■ What you have to do ■
Before copying, set the pictures aside; then repeat every line below verbatim.

■ Data section ■
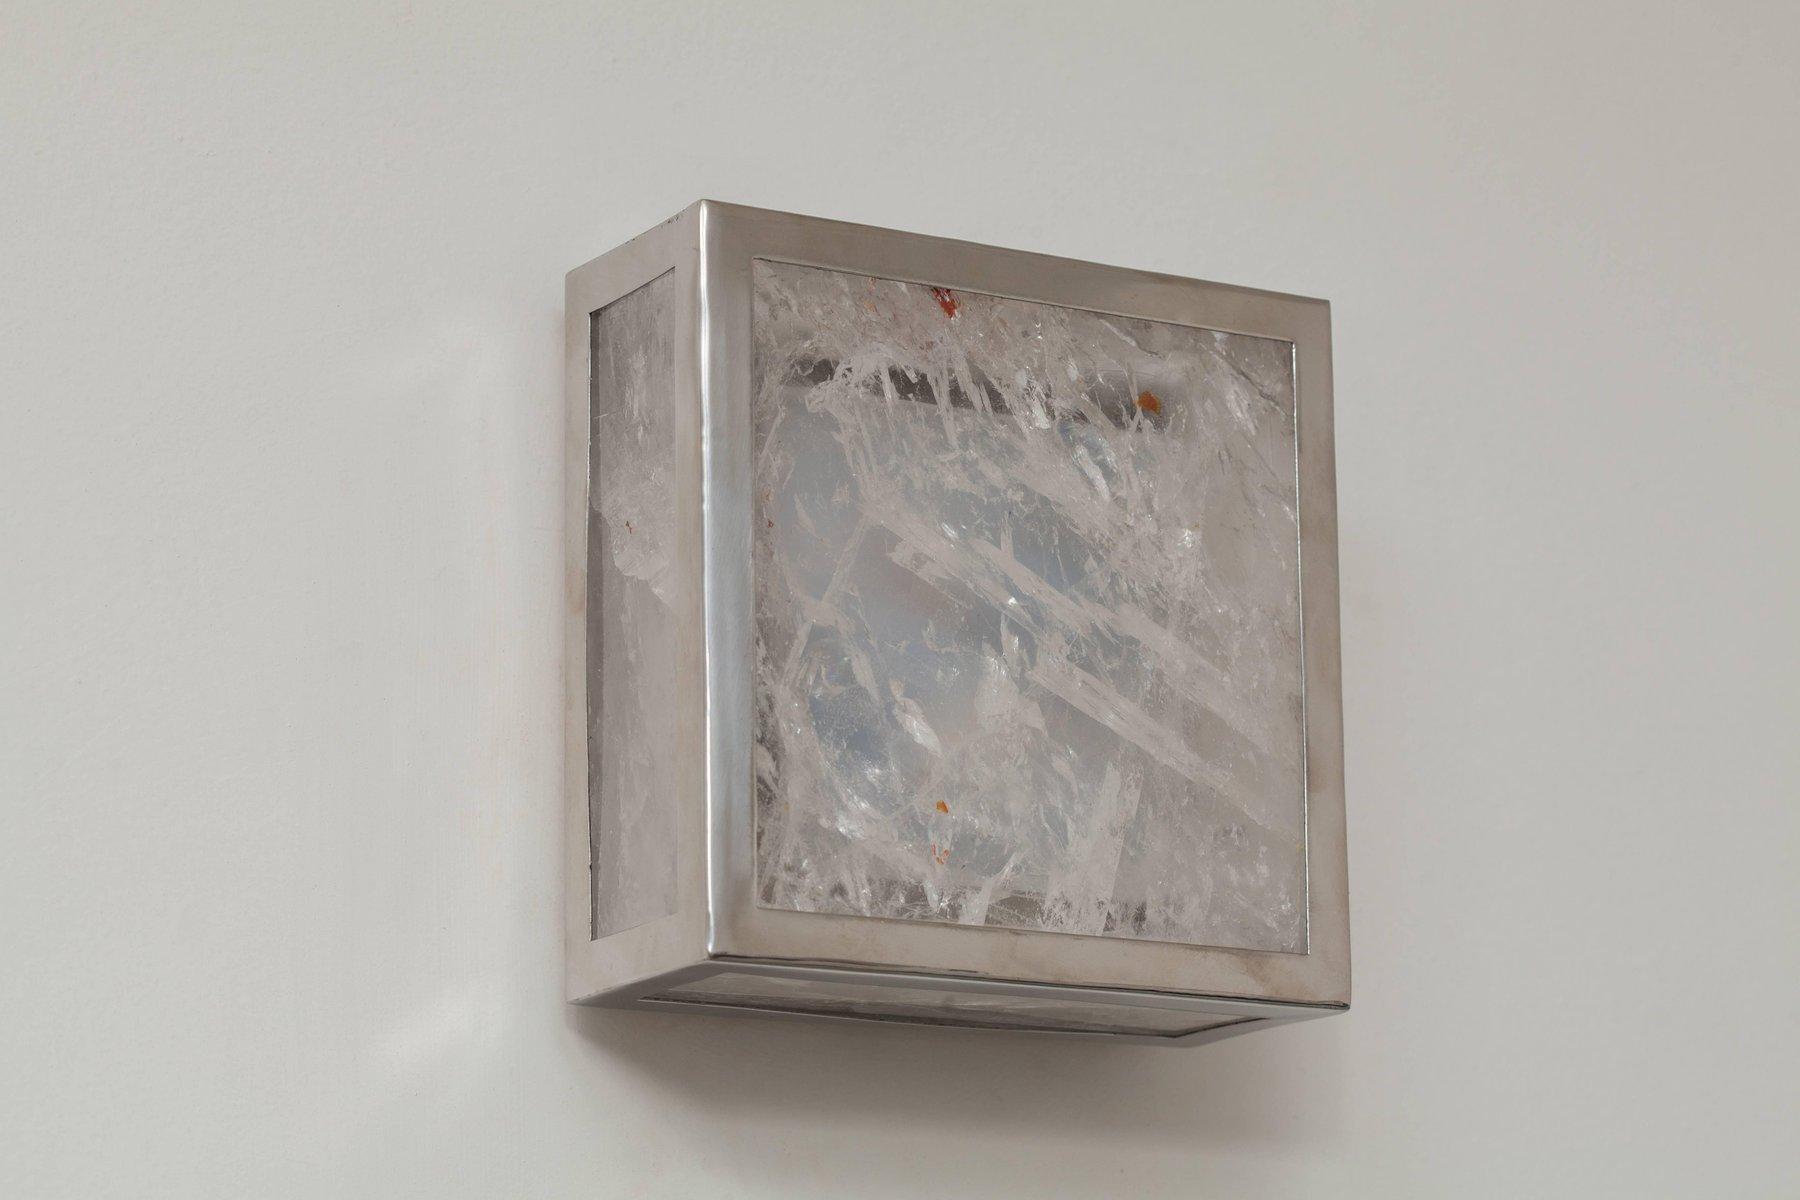 Classic Cube Wandlampen aus Kristallglas & Fels von Demian Quincke, 2e...
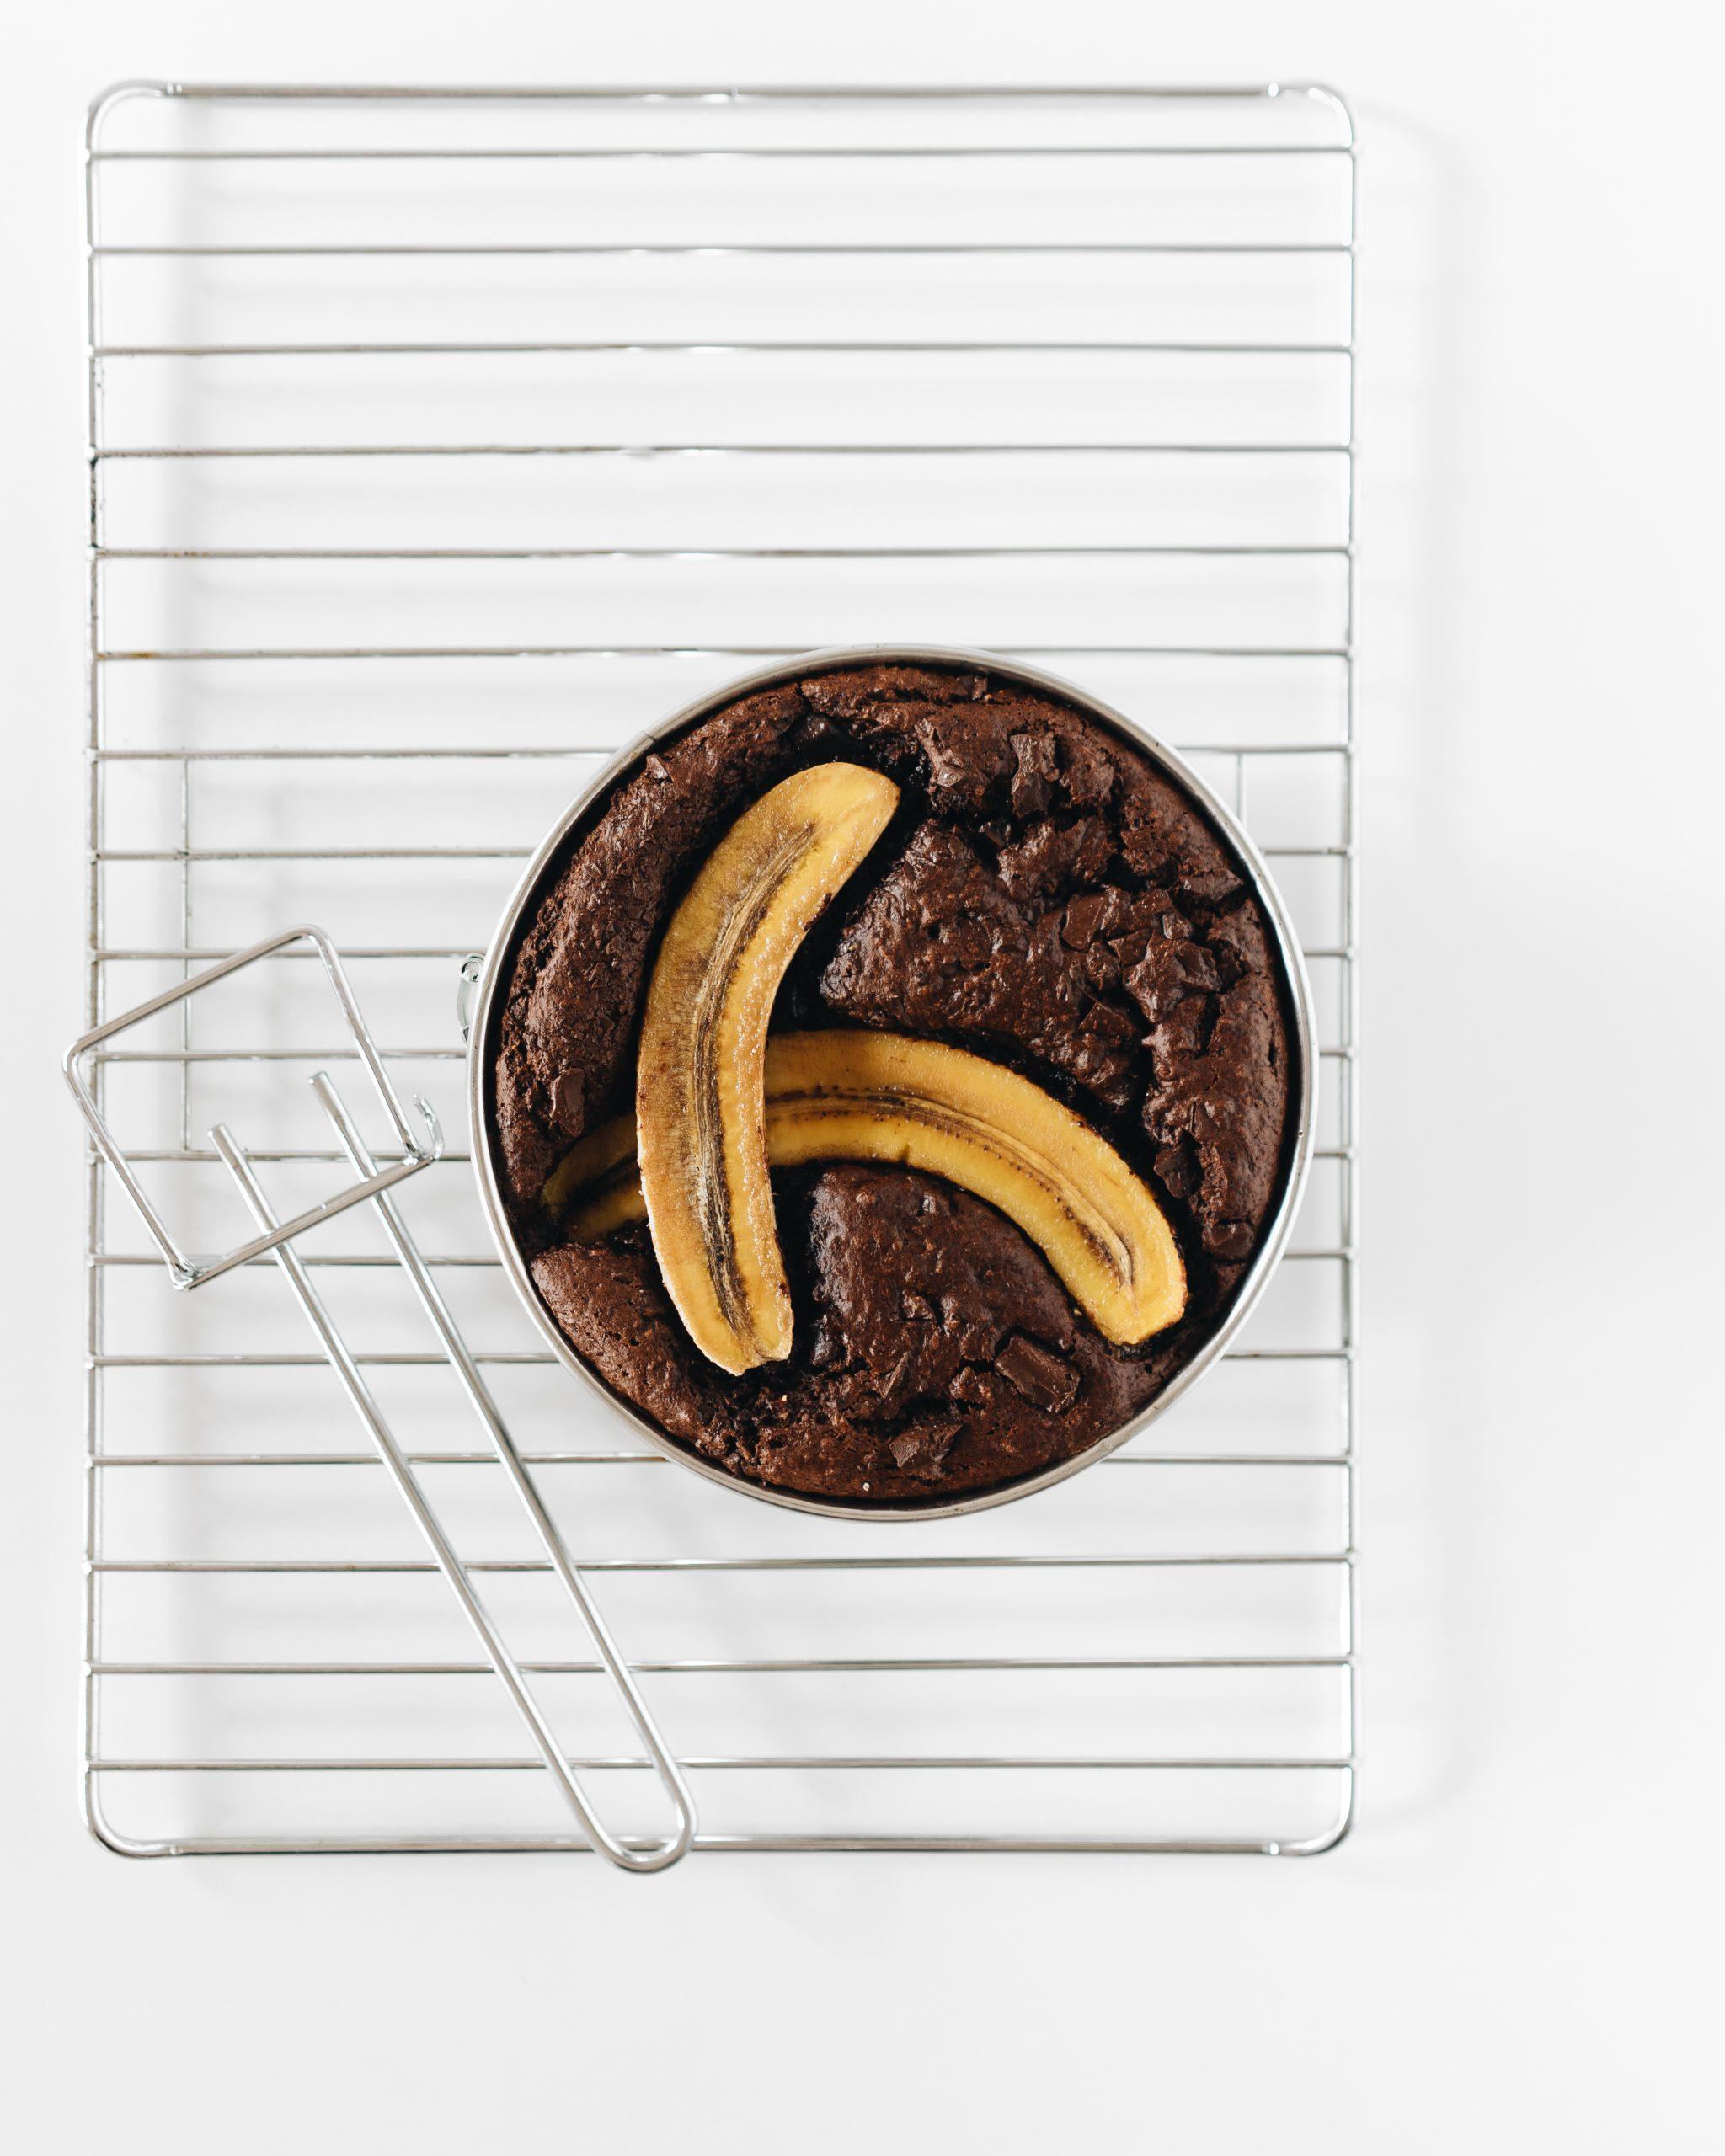 Banana bread vegano con chocolate
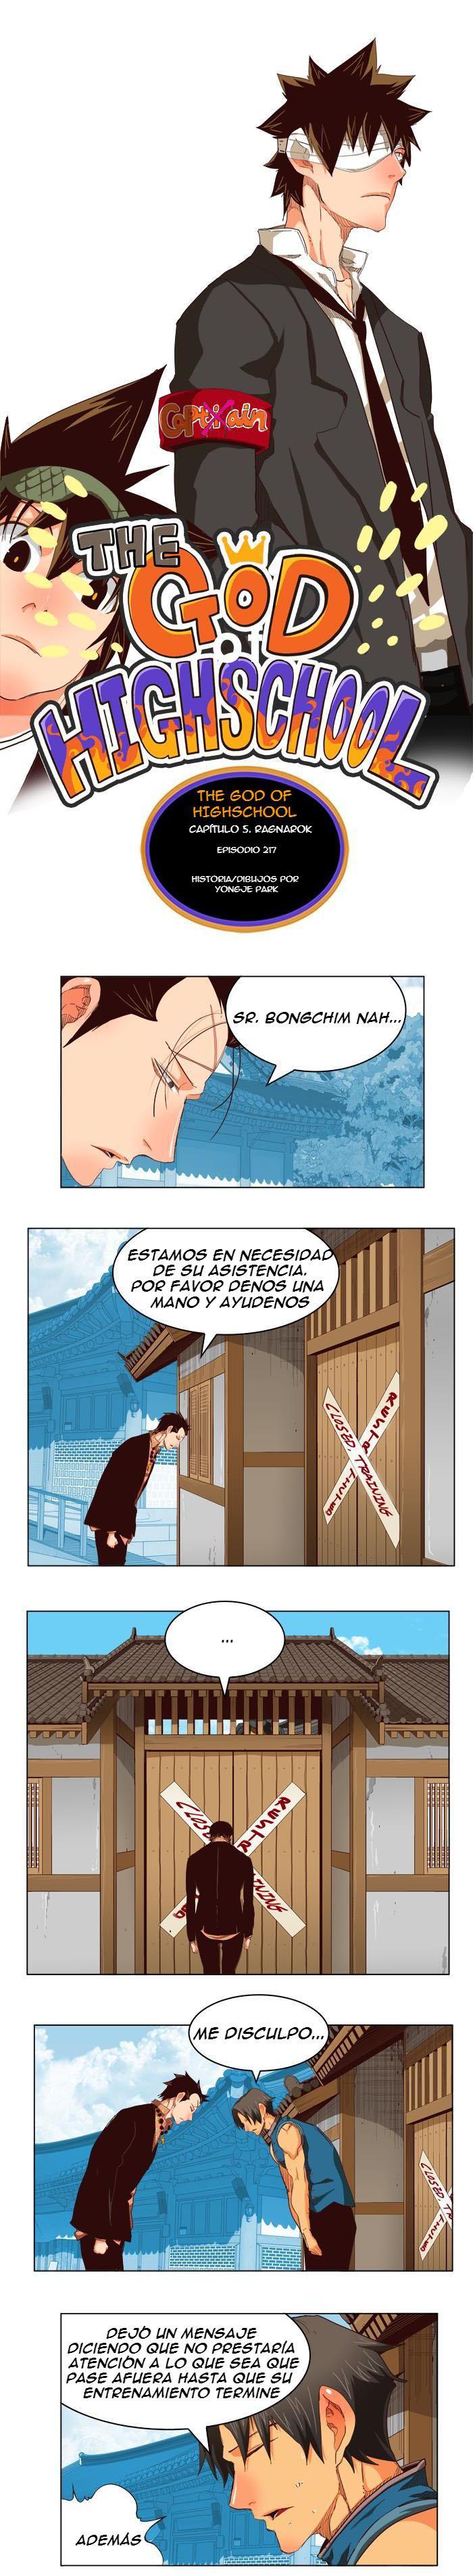 http://c5.ninemanga.com/es_manga/37/485/454636/9cde04bbce5584c4cde587d6ee8d9f09.jpg Page 1
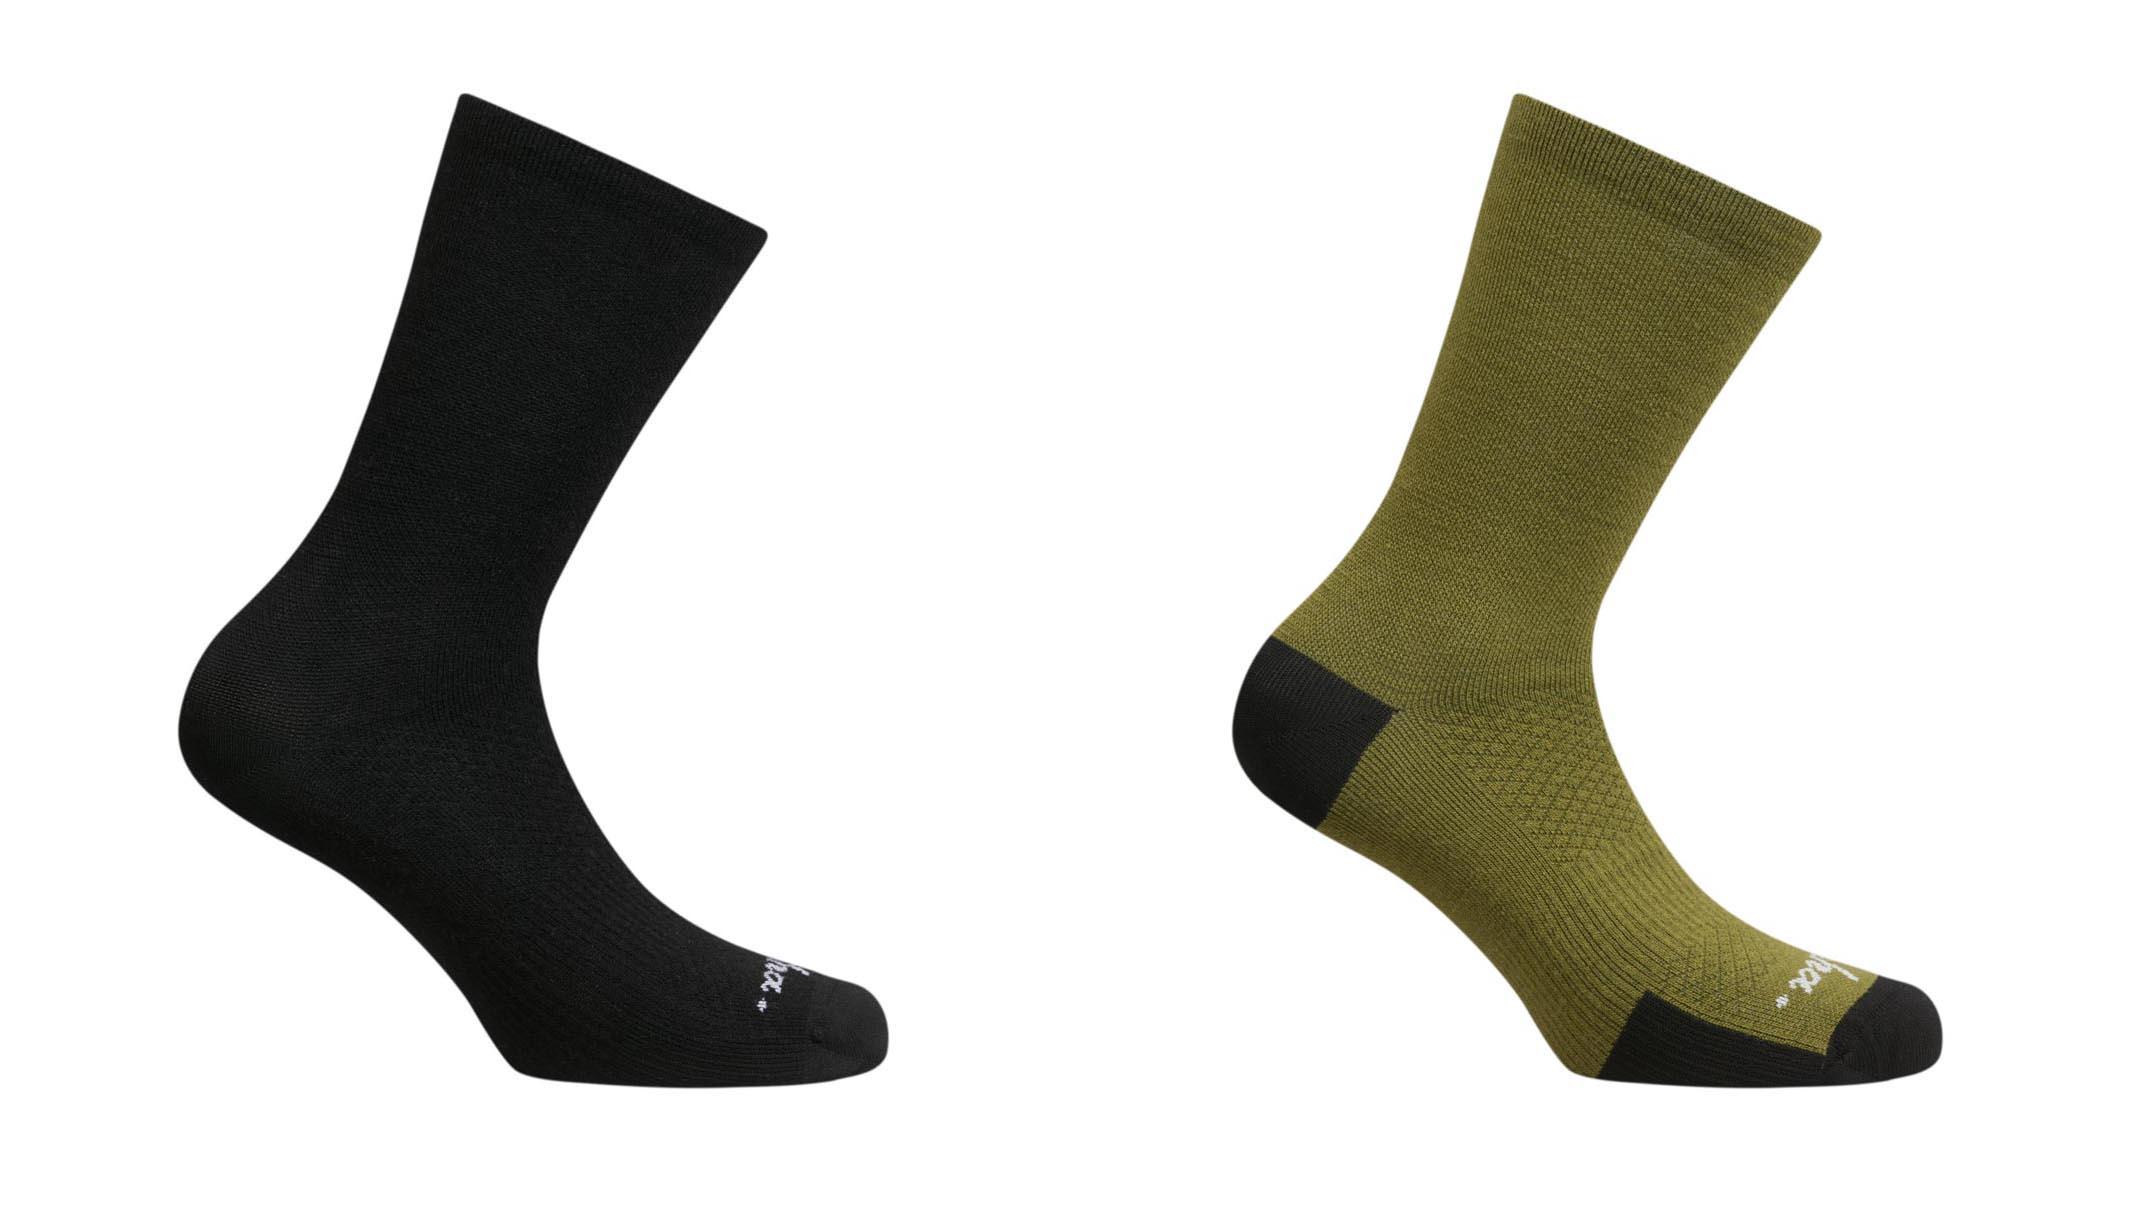 Rapha Performance Trailwear socks

■ Response to this task ■
 Classic Cube Wandlampen aus Kristallglas & Fels von Demian Quincke, 2e...
 Banana bread vegano con chocolate
 http://c5.ninemanga.com/es_manga/37/485/454636/9cde04bbce5584c4cde587d6ee8d9f09.jpg Page 1
 Rapha Performance Trailwear socks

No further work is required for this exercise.